Information provided:
┌──
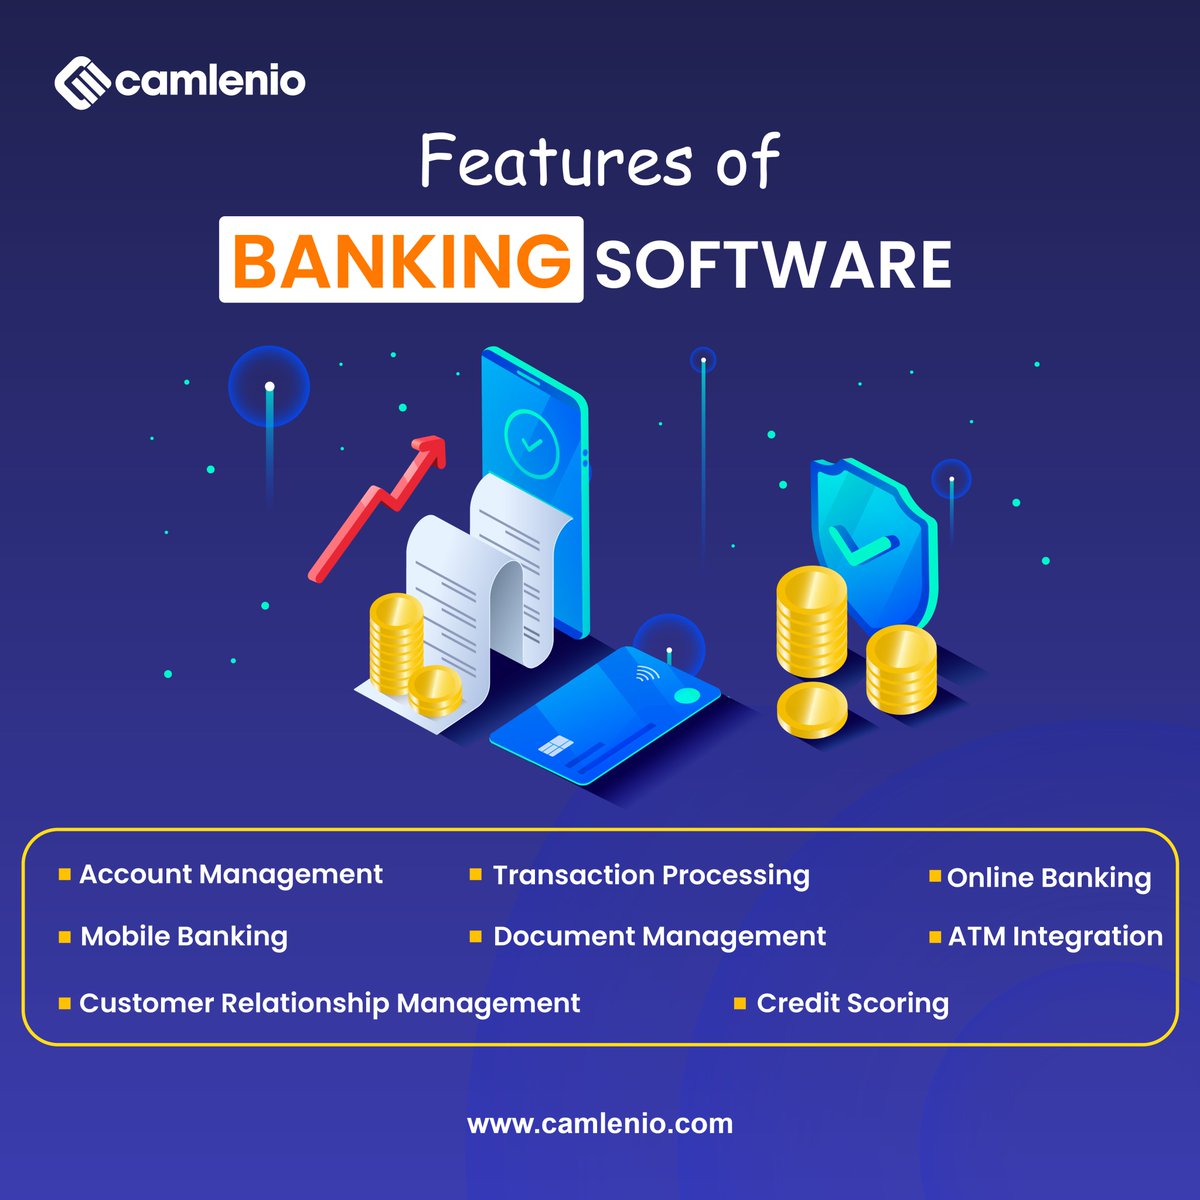 𝙀𝙭𝙘𝙞𝙩𝙞𝙣𝙜 𝙣𝙚𝙬𝙨! 𝙊𝙪𝙧 𝙗𝙖𝙣𝙠𝙞𝙣𝙜 𝙨𝙤𝙛𝙩𝙬𝙖𝙧𝙚 𝙞𝙨 𝙝𝙚𝙧𝙚 𝙩𝙤 𝙧𝙚𝙫𝙤𝙡𝙪𝙩𝙞𝙤𝙣𝙞𝙯𝙚 𝙩𝙝𝙚 𝙬𝙖𝙮 𝙮𝙤𝙪 𝙢𝙖𝙣𝙖𝙜𝙚 𝙛𝙞𝙣𝙖𝙣𝙘𝙚𝙨.
#bankingsoftware #fintech #digitalbanking #camlenio #financialtechnology #bankingsolutions #camlenio
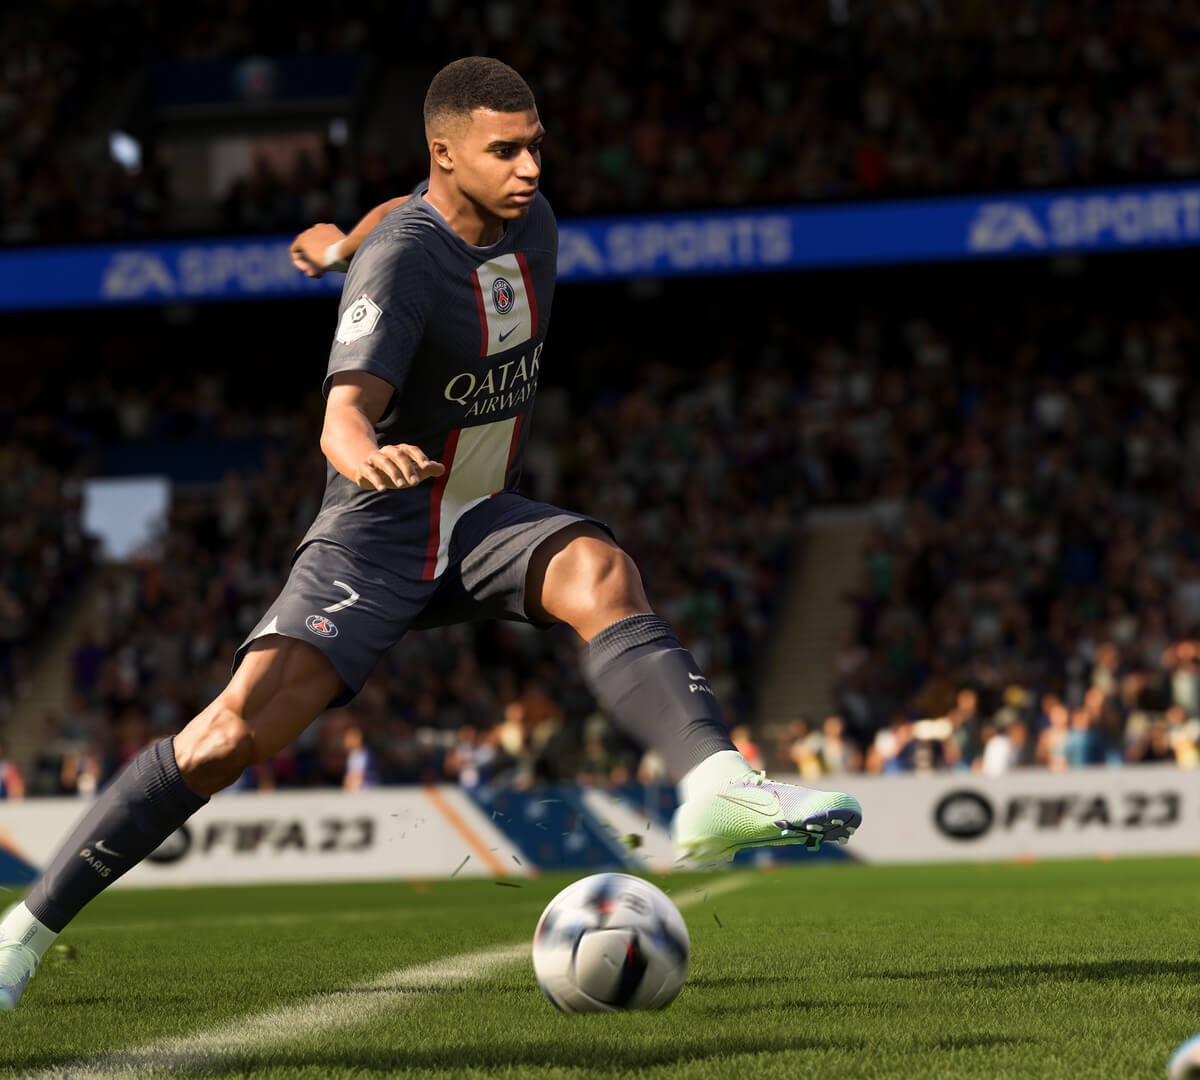 FIFA 23: EA Play Acesso antecipado agora na PlayStation
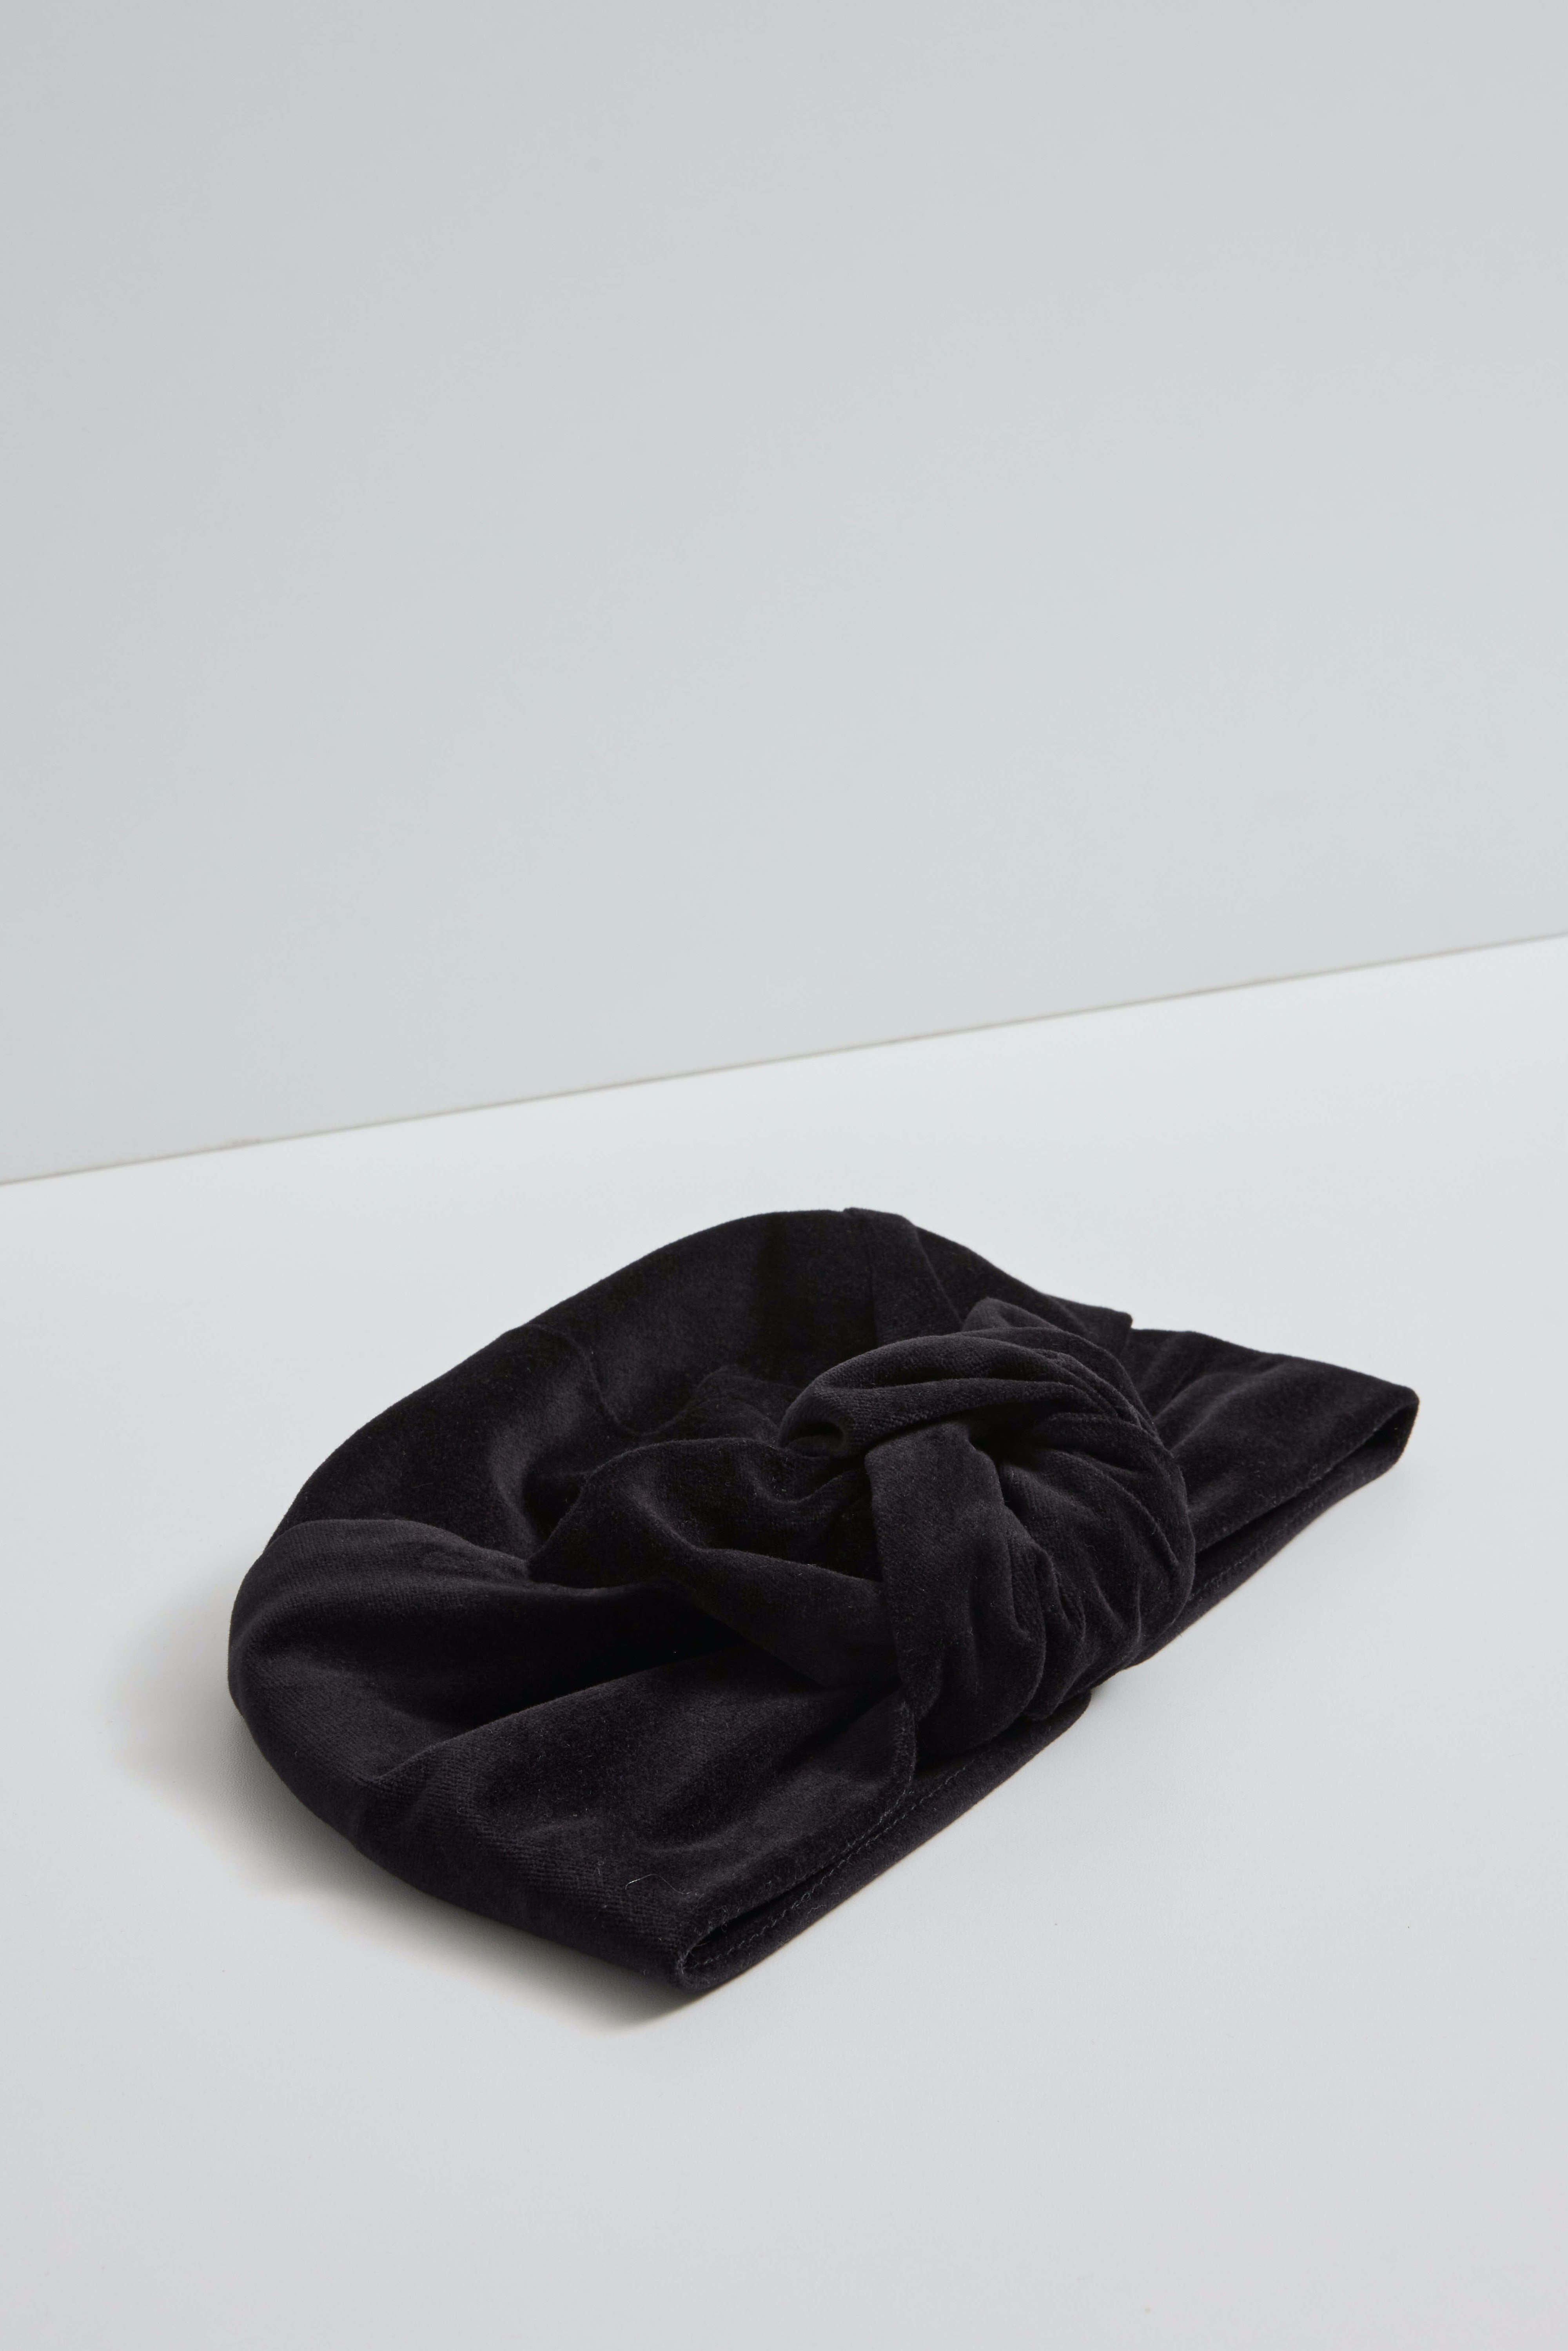 Parelli knotted turban hat - Black velvet
└──
Task item: Copy out the listing above in full and leave out its pictures.

Finished task:
 𝙀𝙭𝙘𝙞𝙩𝙞𝙣𝙜 𝙣𝙚𝙬𝙨! 𝙊𝙪𝙧 𝙗𝙖𝙣𝙠𝙞𝙣𝙜 𝙨𝙤𝙛𝙩𝙬𝙖𝙧𝙚 𝙞𝙨 𝙝𝙚𝙧𝙚 𝙩𝙤 𝙧𝙚𝙫𝙤𝙡𝙪𝙩𝙞𝙤𝙣𝙞𝙯𝙚 𝙩𝙝𝙚 𝙬𝙖𝙮 𝙮𝙤𝙪 𝙢𝙖𝙣𝙖𝙜𝙚 𝙛𝙞𝙣𝙖𝙣𝙘𝙚𝙨.
#bankingsoftware #fintech #digitalbanking #camlenio #financialtechnology #bankingsolutions #camlenio
 FIFA 23: EA Play Acesso antecipado agora na PlayStation
 Parelli knotted turban hat - Black velvet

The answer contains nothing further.